------ Dataset excerpt

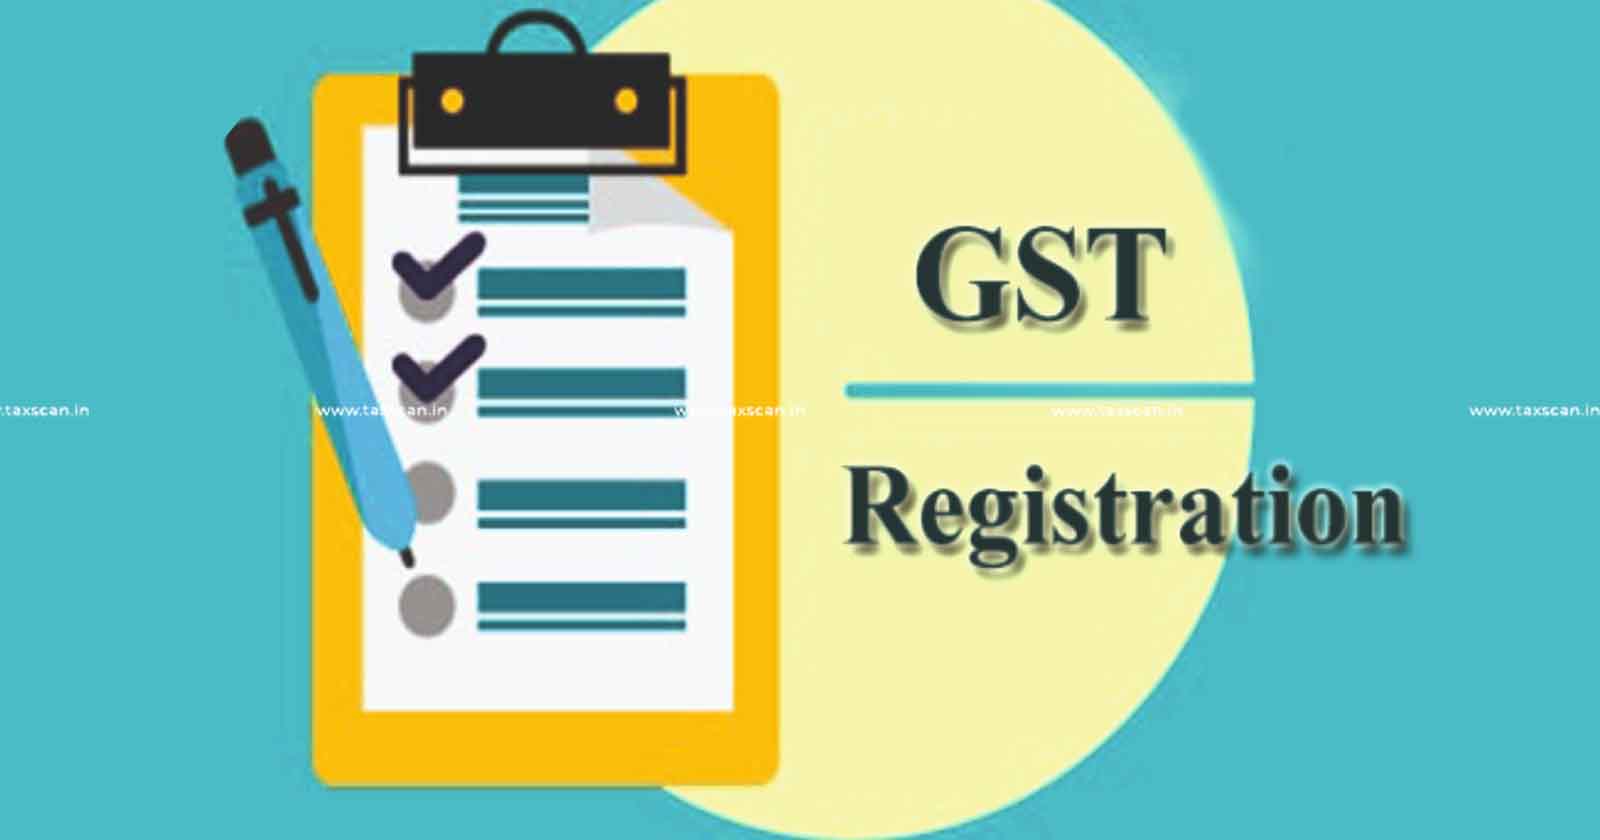 Customs Broker - GST Registration - Government Website - CESTAT - Revocation of Customs Broker Licence - taxscan
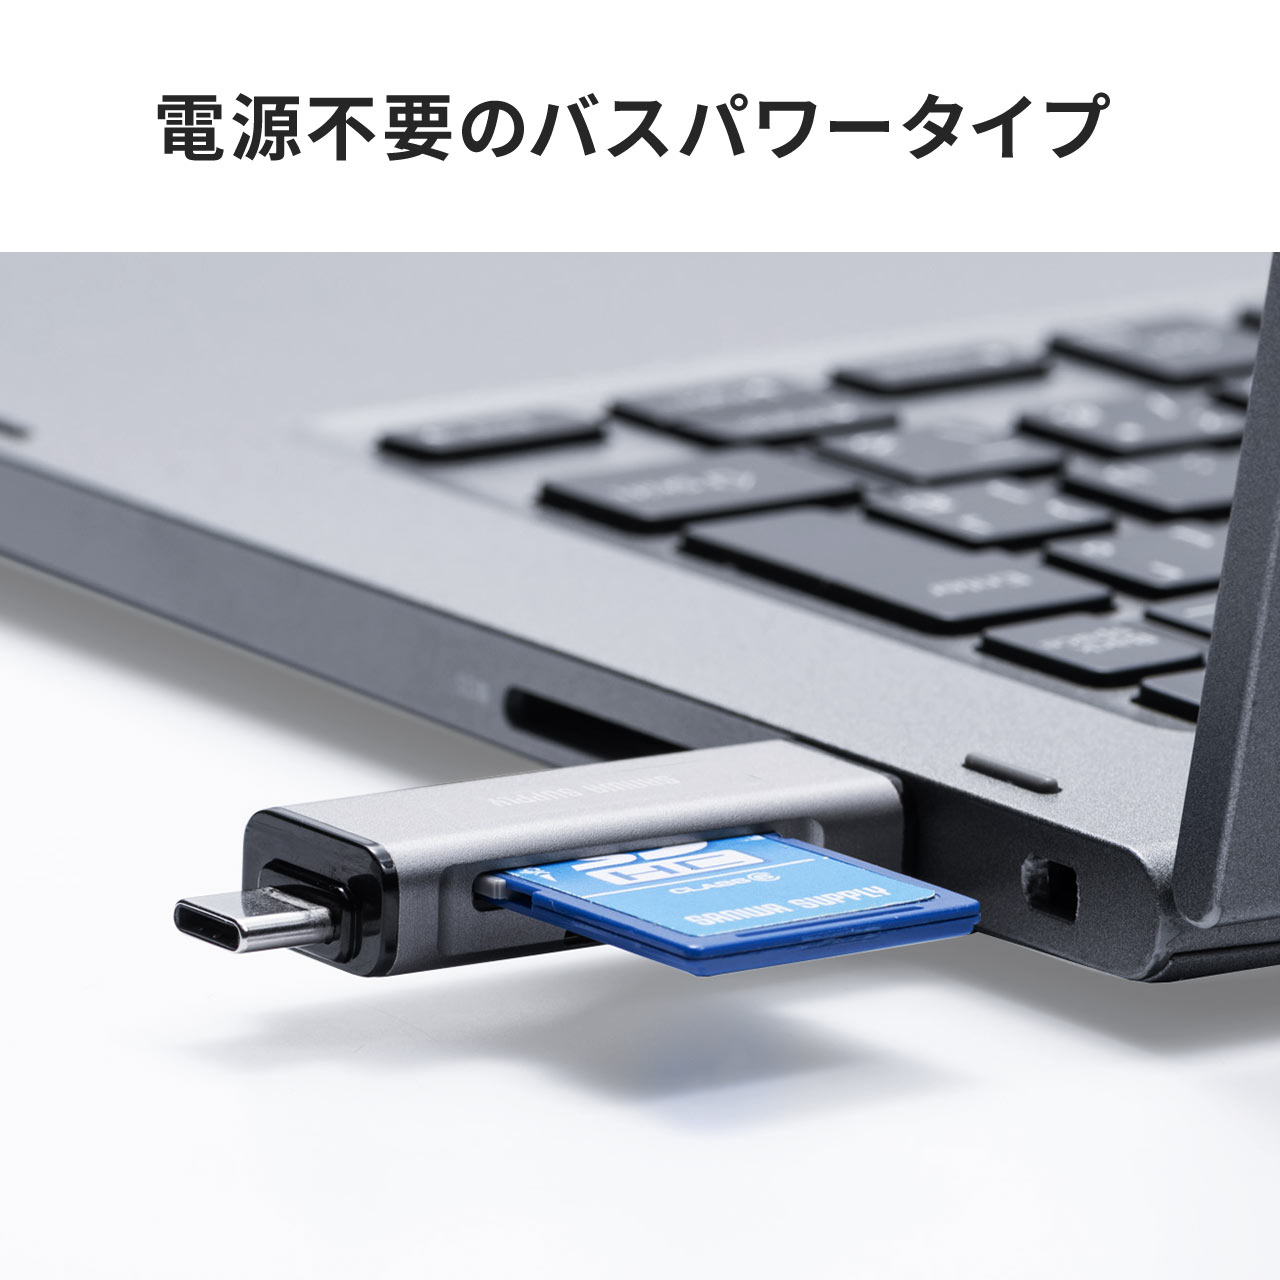 fBAP[Xt SD/microSDJ[h[_[ USB 3.1 Gen1 USB A USB Type-Cڑ 400-ADR323GY
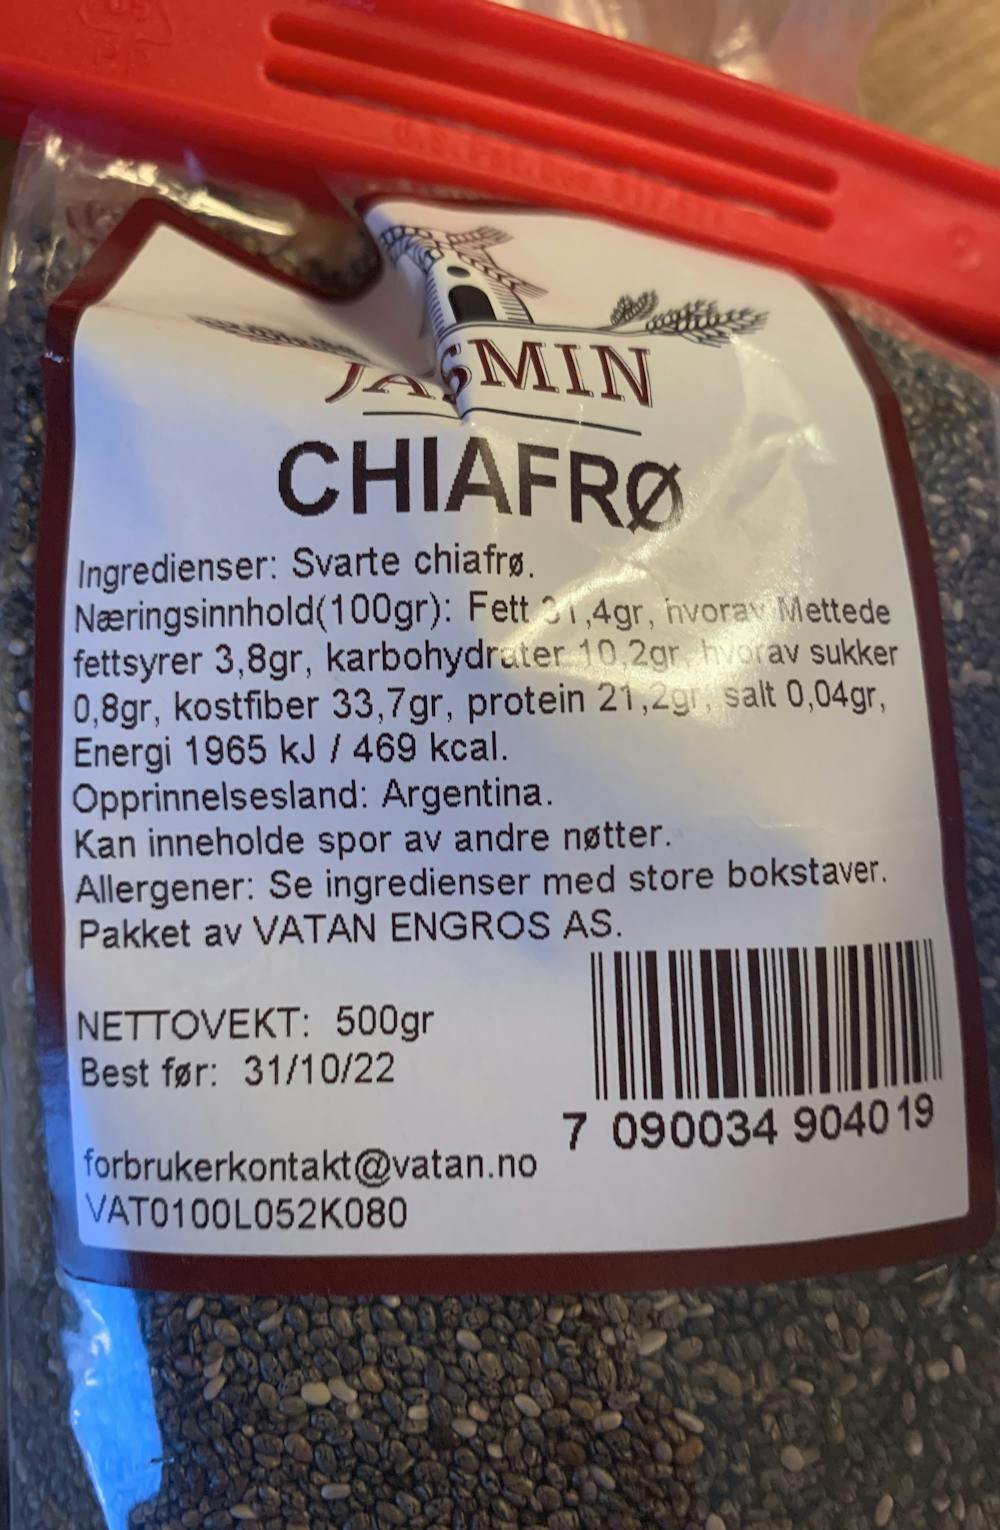 Ingredienslisten til Chiafrø, Jasmin
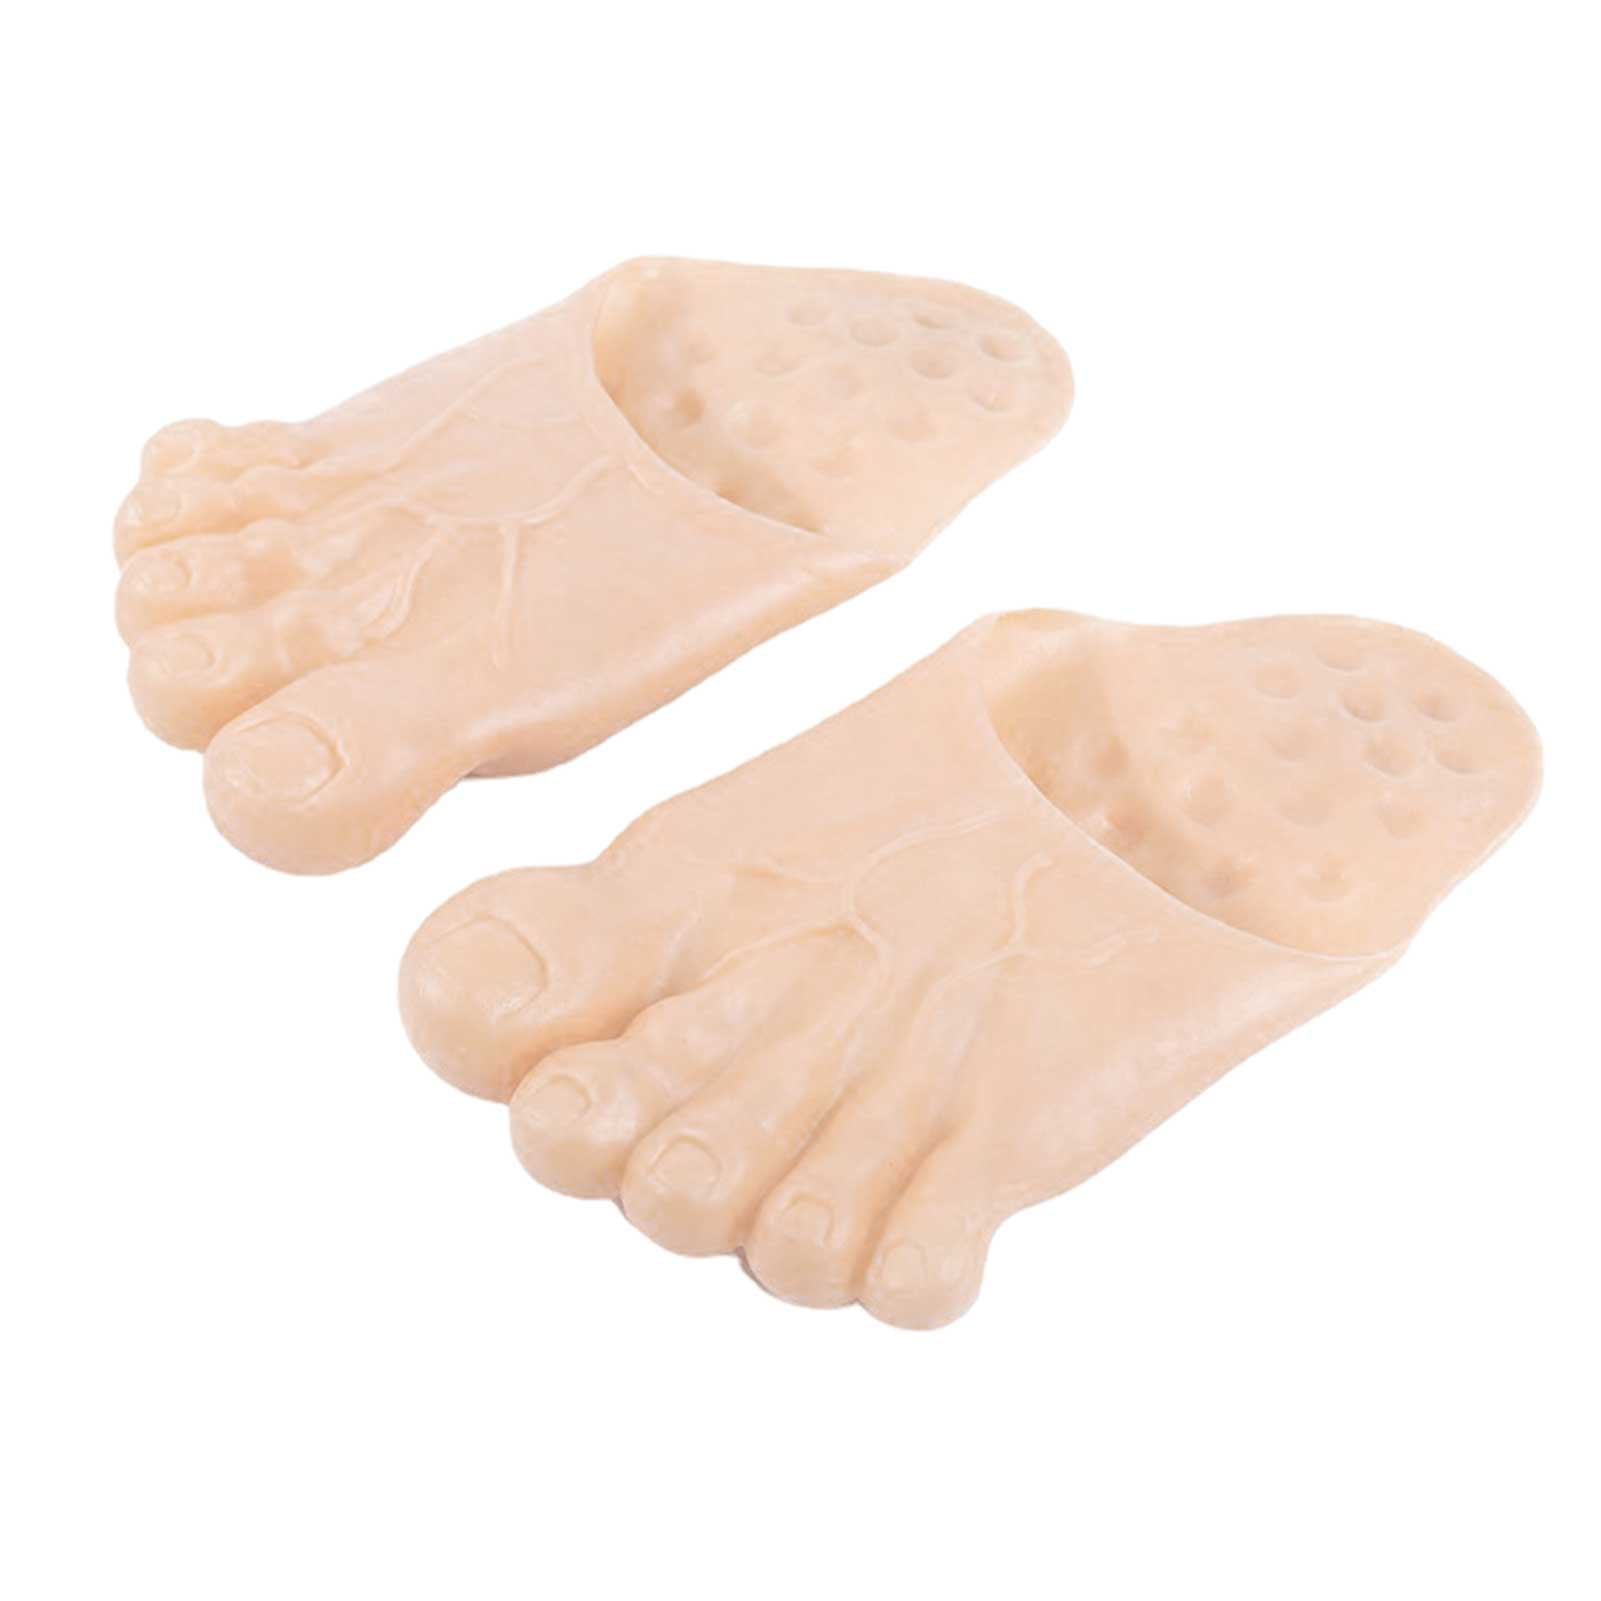 Funny Slippers Simulation Giant Toe Spoof Bare Feet Shoes - Walmart.com

------------

### Exercise brief:
Produce an exact copy of the lines from the line containing "Ingredienslisten til Chiafrø, Jasmin" to the end of the material, both ends included, and omit every picture.

### Task answer:
 Ingredienslisten til Chiafrø, Jasmin
 Funny Slippers Simulation Giant Toe Spoof Bare Feet Shoes - Walmart.com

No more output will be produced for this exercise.